Actually, Paterson began the journey through human history at 4th century B.C. She assumed a God-like stance that looked down at the flow of human history from then to World War II as others might look down at a river. She pauses at the founding of the United States as the pinnacle of man's attempt at a Society of Contract and grounds America's unprecedented prosperity in that experiment.
There are many such provocative stops in Paterson's odyssey. She offered brilliant critiques of the collectivists popular in her day. In a May 1964 review of The God of The Machine for The Freeman, the conservative-libertarian journalist John Chamberlain explained, “Mrs. Paterson operated in the field of logic.... Her attack on the fallacies of socialism, for example, began by holding Proudhon's maxim, 'All property is theft,' up to the light. Theft, said Mrs. Paterson in swift rebuttal, presupposes rightful ownership, for 'an object must be property before it can be stolen.' After such a succinct and powerful demolition of the whole bent of Proudhon's thought, is there anything more that need be said?”
Indeed, many of Paterson's chapters have been praised for their ability to stand alone. Indeed, “The Humanitarian with the Guillotine” (Chapter XX) and “Our Japanized Educational System” (Chapter XXI) have been reprinted independently. In his book Power and Market, the Austrian economist Murray Rothbard pays tribute to Chapter XVI “The Corporation and Status Law.” Stating that “[o]ne of the few cogent discussions of the antitrust principle in recent years has been that of Isabel Paterson”, Rothbard quoted a passage from her chapter,
Standard Oil did not restrain trade; it went out to the ends of the earth to make a market. Can the corporations be said to have "restrained trade" when the trade they cater to had no existence until they produced and sold the goods? Were the motor car manufacturers restraining trade during the period in which they made and sold fifty million cars, where there had been no cars before.… Surely … nothing more preposterous could have been imagined than to fix upon the American corporations, which have created and carried on, in ever-increasing magnitude, a volume and variety of trade so vast that it makes all previous production and exchange look like a rural roadside stand, and call this performance "restraint of trade," further stigmatizing it as a crime!
Even critics of Paterson's mechanistic approach to human history receive full value from The God of the Machine through its critique of Keynesianism and collection, through its analysis of monetary theory and antitrust laws or its scathing rejection of public education and the 'humanitarian' state.

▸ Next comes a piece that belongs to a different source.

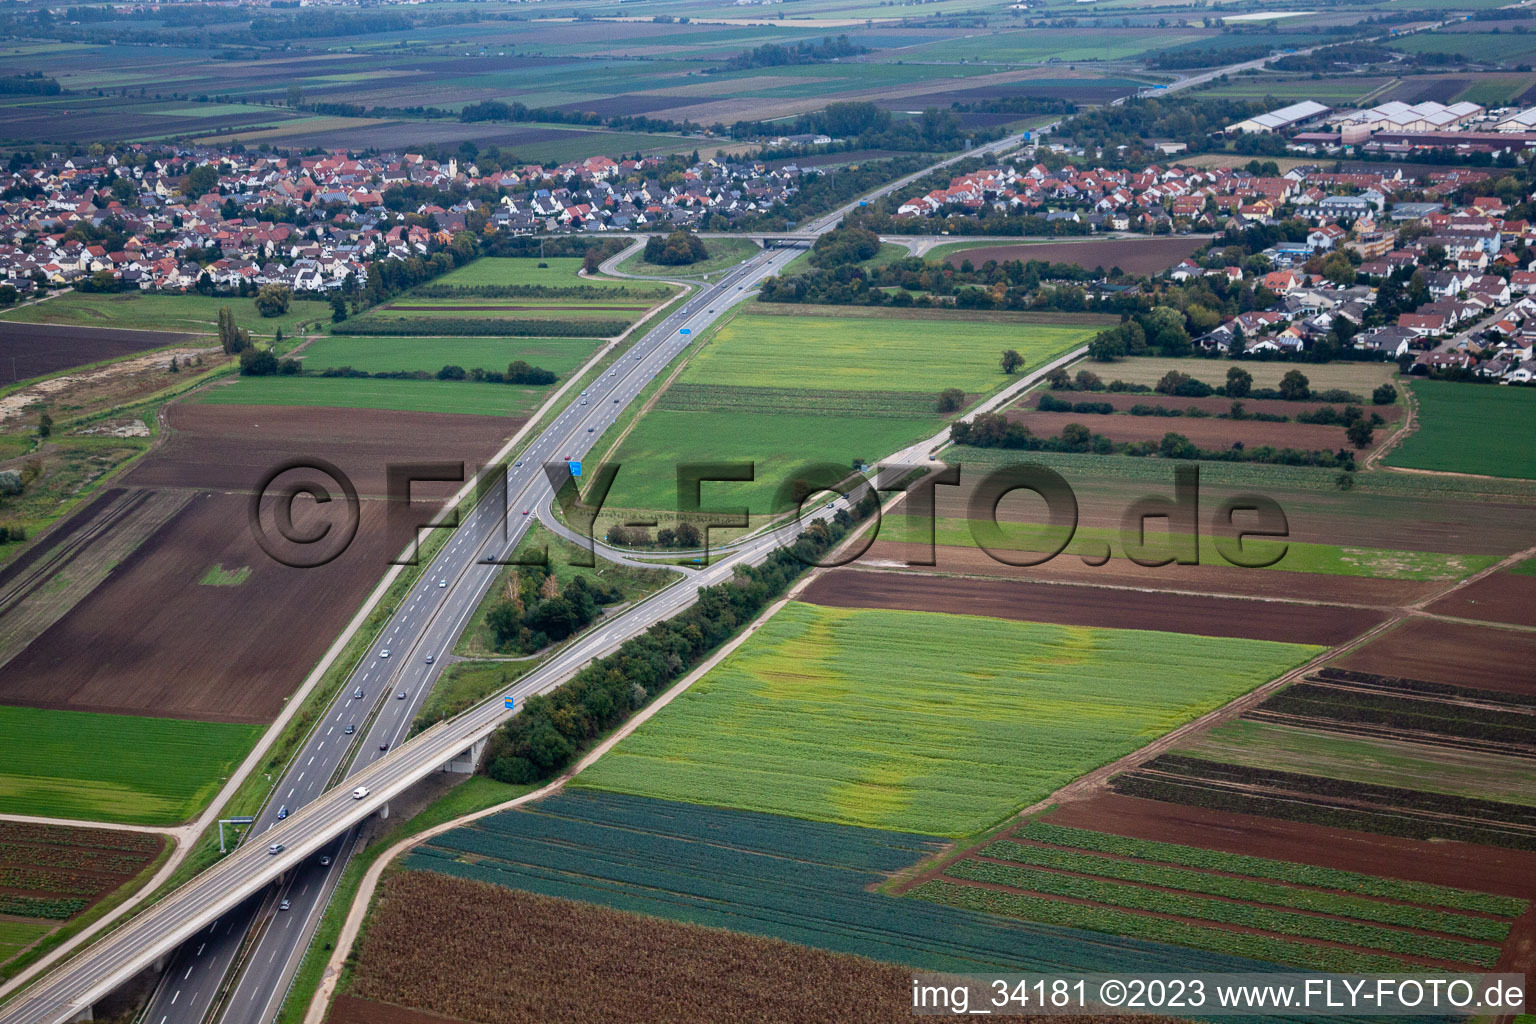 Drone recording of Hochdorf-Assenheim in the state Rhineland-Palatinate, Germany

As Ayn Rand declared, “It is a sparkling book, with little gems of polemical fire scattered through almost every page, ranging from bright wit to the hard glitter of logic to the quiet radiance of a profound understanding. Paterson's wit, logic, and understanding still cast light today, and The God of the Machine remains a source of illumination for modern readers seeking a better understanding of the preconditions for development and freedom.”